Save your breath. I’m not a birther. I am someone who wants to know why the man who leads this country is so unwilling to let his followers know who he is. I also want to know why the press has let him get away with it for so long. His stonewalling and their enabling–now that’s silliness.

UPDATE: The “silliness” continues as The Smoking Gun kicks the ball back into play. What Obama could have learned from the Nixon White House.

Apparently, It’s Not What A Law Firm Does However

By , April 25, 2011 11:22 am

Paul Clement 1, King & Spaulding 0.

Defending unpopular clients is what lawyers do.

The Food Nazi–or is that Fascist?–Wants the Government to Pick Winners and Losers

By , March 2, 2011 12:34 pm

Elites. Can’t help themselves. Mark Bittman is at it again. If the government gets something wrong–defined as, something Bittman doesn’t like–well give ’em another bite at the organically grown apple:

Agricultural subsidies have helped bring us high-fructose corn syrup, factory farming, fast food, a two-soda-a-day habit and its accompanying obesity, the near-demise of family farms, monoculture and a host of other ills.

Yet — like so many government programs — what subsidies need is not the ax, but reform that moves them forward. Imagine support designed to encourage a resurgence of small- and medium-size farms producing not corn syrup and animal-feed but food we can touch, see, buy and eat — like apples and carrots — while diminishing handouts to agribusiness and its political cronies.

I really don’t have time to Fisk the entire article, so here is one more clip, and I’m off:

Thus even House Speaker Boehner calls the bill a “slush fund”; the powerful Iowa Farm Bureau suggests that direct payments end; and Glenn Beck is on the bandwagon. (This last should make you suspicious.) Not surprisingly, many Tea Partiers happily accept subsidies, including Vicky Hartzler (R-MO, $775,000), Stephen Fincher (R-TN, $2.5 million) and Michele Bachmann (R-MN $250,000). No hypocrisy there.

Left and right can perhaps agree that these are payments we don’t need to make. But suppose we use this money to steer our agriculture — and our health — in the right direction. A Gallup poll indicates that most Americans oppose cutting aid to farmers, and presumably they’re not including David Rockefeller or Michele Bachmann in that protected group; we still think of farmers as stewards of the land, and the closer that sentiment is to reality the better off we’ll be.
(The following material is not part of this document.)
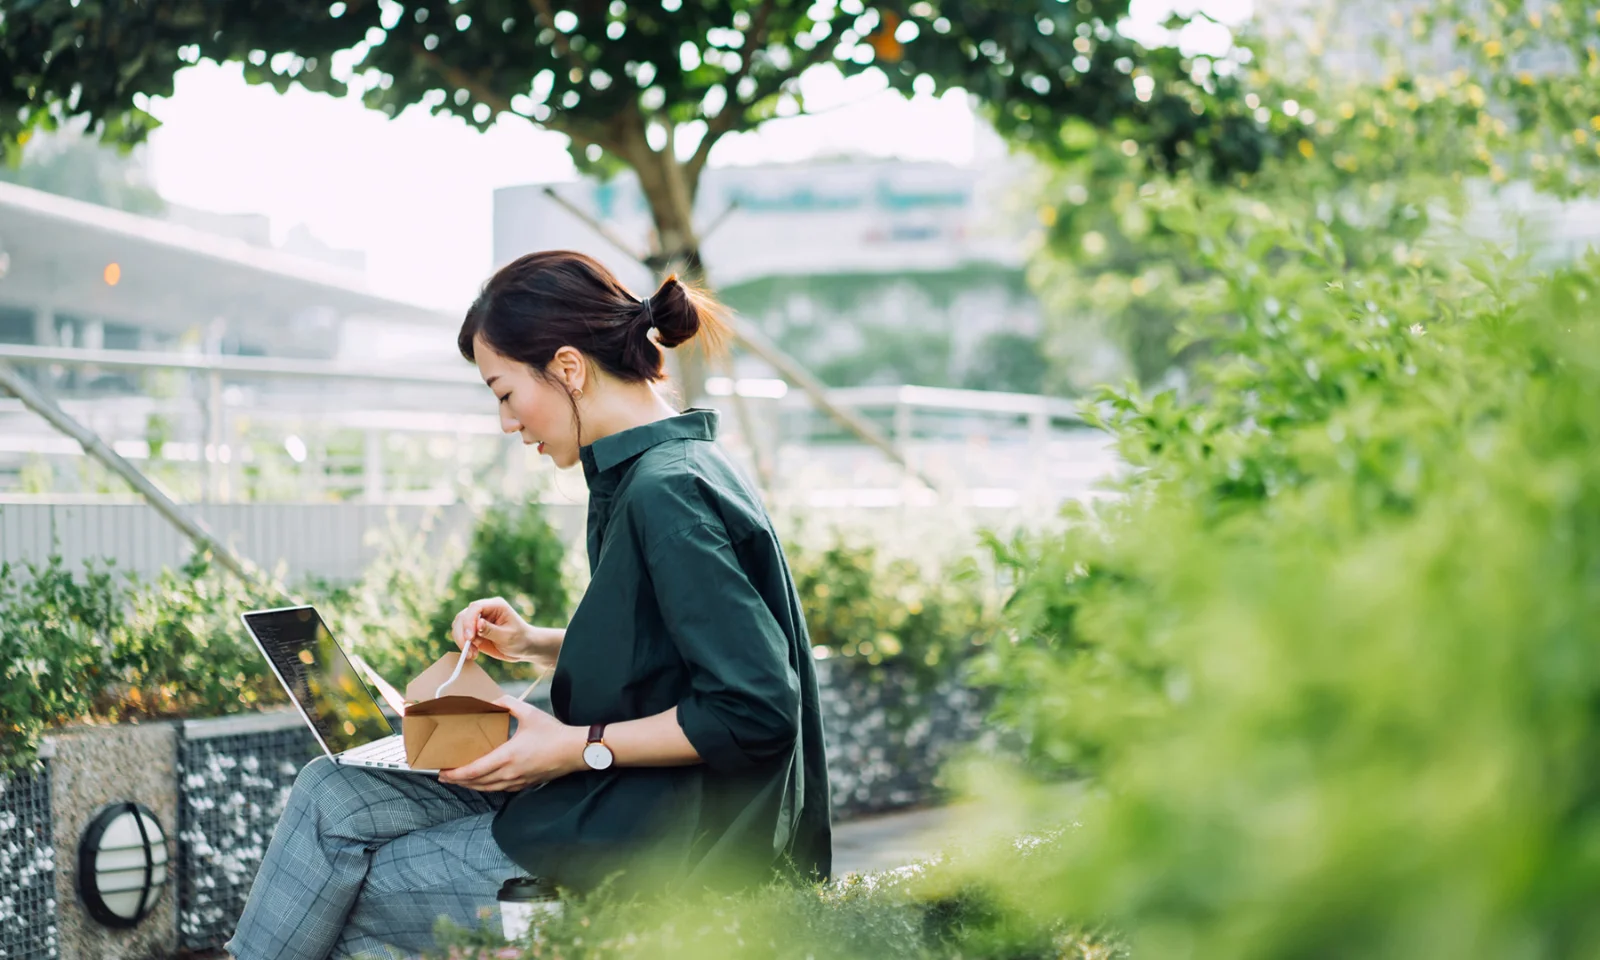 The image depicts a woman working on a laptop outdoors, surrounded by lush greenery, while eating from a takeaway box. This scene symbolizes the integration of green practices into daily work life, highlighting the balance between productivity and sustainability. The setting emphasizes the importance of environmentally conscious choices in professional environments, representing the concept of green bond management and its role in promoting sustainable business practices.
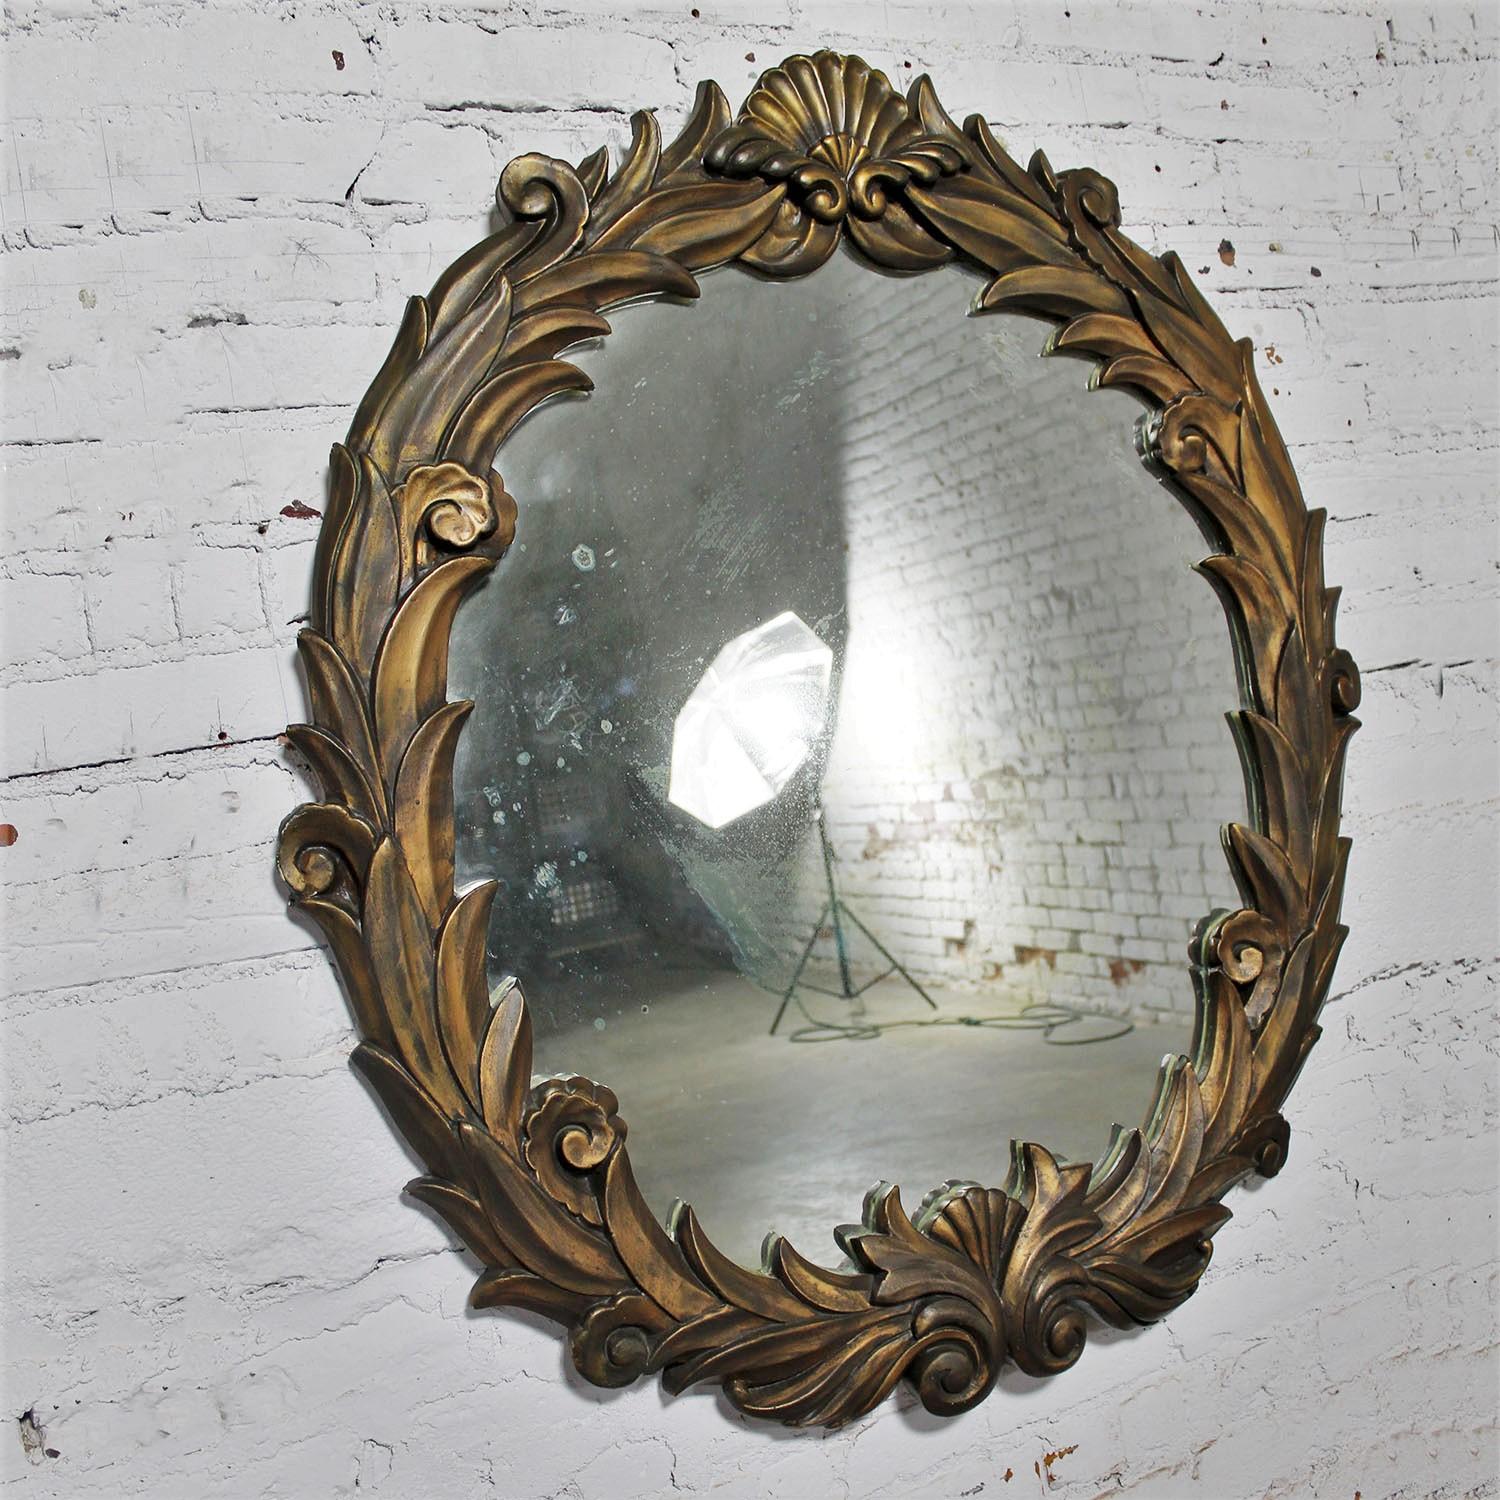 Fabulous Antique Art Deco Hollywood Regency Neo Classic Revival style foliate large scale round plaster mirror in the style of Serge Roche. Beautiful condition, keeping in mind that this is vintage and not new so will have signs of use and wear even

By making the program more sensible the money could benefit us all.

Apparently playing to his audience, Bittman takes unrelated cheap shots at the usual right-wing suspects, appears to agree that farm subsidies are subsidies we should end, but then makes one final pitch–if we just make the program more sensible.

Yeah, like that will happen. As Bittman reported about New Deal farm programs a few paragaphs above the last quote,

That wasn’t the plan, of course. In the 1930s, prices were fixed on a variety of commodities, and some farmers were paid to reduce their crop yields. The program was supported by a tax on processors of food — now there’s a precedent! — and was intended to be temporary. It worked, sort of: prices rose and more farmers survived. But land became concentrated in the hands of fewer farmers, and agribusiness was born, and along with it the sad joke that the government paid farmers for not growing crops.

And this time it will be better because a new, smarter group of elites is in charge? Of course.

Bittman should take up selling the Brooklyn Bridge.